This notebook shows how to deploy a pre-trained tree canopy model on new data and how to train a new model. 

In [1]:

from pathlib import Path
root = Path.cwd()

from src.model import SiteData, CanopyModeler, CanopyPredictions, NoGtCanopyPredictions

### Predict tree canopy using a pre-trained model

Create a `SiteData` object for the site you want to predict tree canopy for. Pass in the site_name (which is the name of the folder where all relevant data is stored). Set `tc=False` because there is no ground truth tree canopy associated with this site. 

In [None]:
nyc23 = SiteData(root, 'nyc23',epsg=26918, tc=False)

Create a `CanopyModeler` object with the following arguments:  
* `train_site`: set to None as we'll be using a pre-trained model.  
* `test_site_list`: It's possible to predict tree canopy for multiple sites at once. In this case, we are only predicting one site. However, it should still be passed as a single-element list.  

In [None]:
modeler = CanopyModeler(root=root,train_site=None,test_site_list=[nyc23])

Now we can call `.run_tree_canopy_model()` to deploy a pre-trained model on our nyc 2023 data, using the following arguments:
* `local_results`: set to `False`, because we are not predicting tree canopy for the same data the model was trained on.
* `transfer_results`: set to `True`, because we do want to predict tree canopy for our test site(s)
* `model_filename`: the name of the model you want to use, saved as a .pkl to the 'models' folder. 
* `load_saved`: must be set to `True` in order to use the pre-trained model.

In [None]:
nyc23_preds = modeler.run_tree_canopy_model(local_results=False,transfer_results=True,model_filename='2017_model',load_saved=True)
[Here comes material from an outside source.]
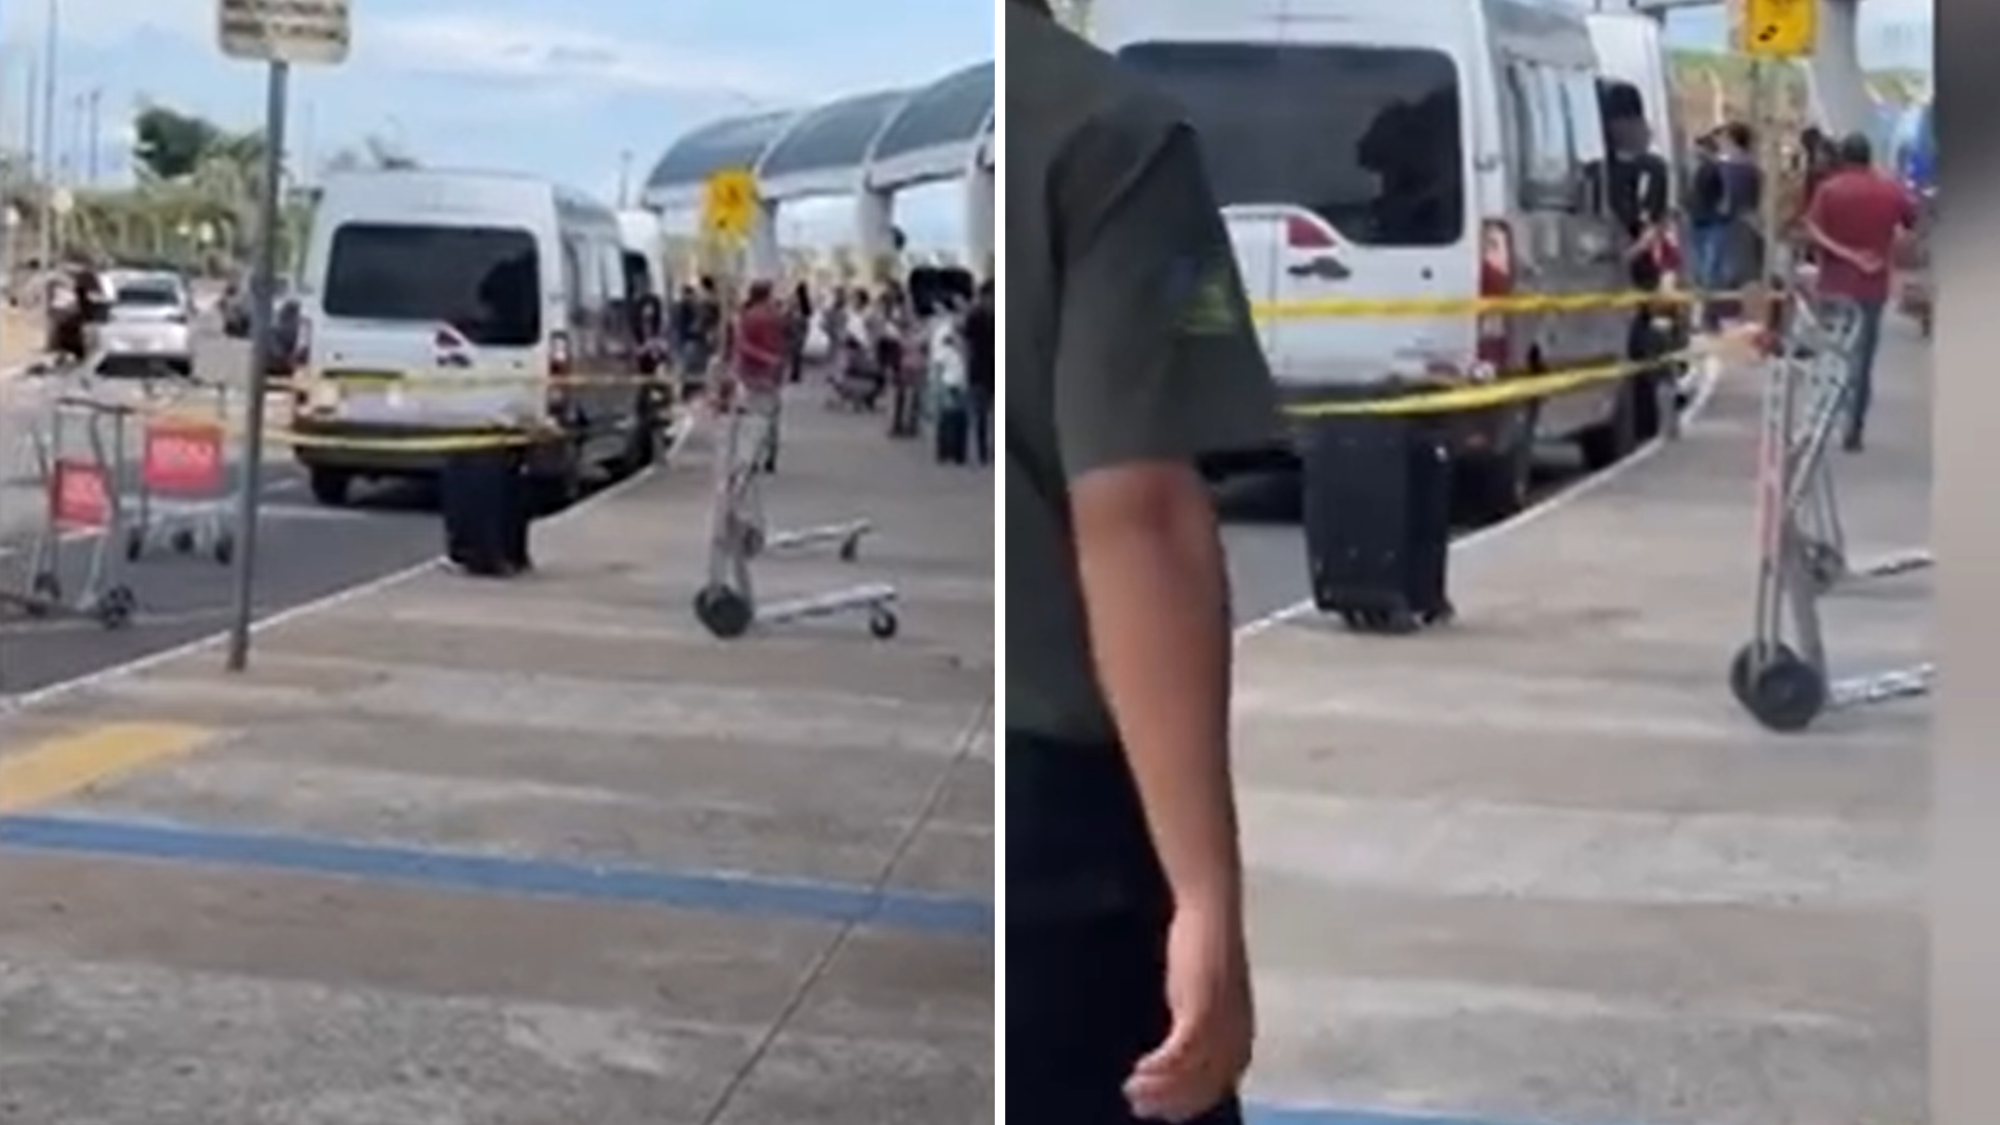 Mala esquecida no Aeroporto Santa Genoveva provoca alerta de bomba

The output of `run_tree_canopy_model(`)` is a dictionary containing the keys 'local' and 'transfer'. In this case, the 'local' entry is empty because we did not predict local results. 

The results will be either a `CanopyPrediction` object (when ground truth tree canopy is available, allowing us to calculate RMSE etc.) or a `NoGtCanopyPrediction` object (when no ground truth tree canopy data is available).

To access the results for the site we just predicted:

In [None]:
results = nyc23_preds['transfer']['nyc23']

Save the result object to an npz file.  
It will be saved to output/site_name/results_for_{site_name}\_from_{train_site_name}_model.npz'

In [None]:
results.to_npz()

### Train a new model and predict tree canopy for the same year and different years

This time, we will use data from 2017 to train a new model and then test it by predicting tree canopy for 2017 and 2021.  

Create SiteData objects for both years of data. In this case, both have ground truth tree canopy available for testing, so tc is set to True.

In [2]:
nyc17 = SiteData(root, 'nyc17',26918, tc=True)
nyc21 = SiteData(root, 'nyc21',26918, tc=True)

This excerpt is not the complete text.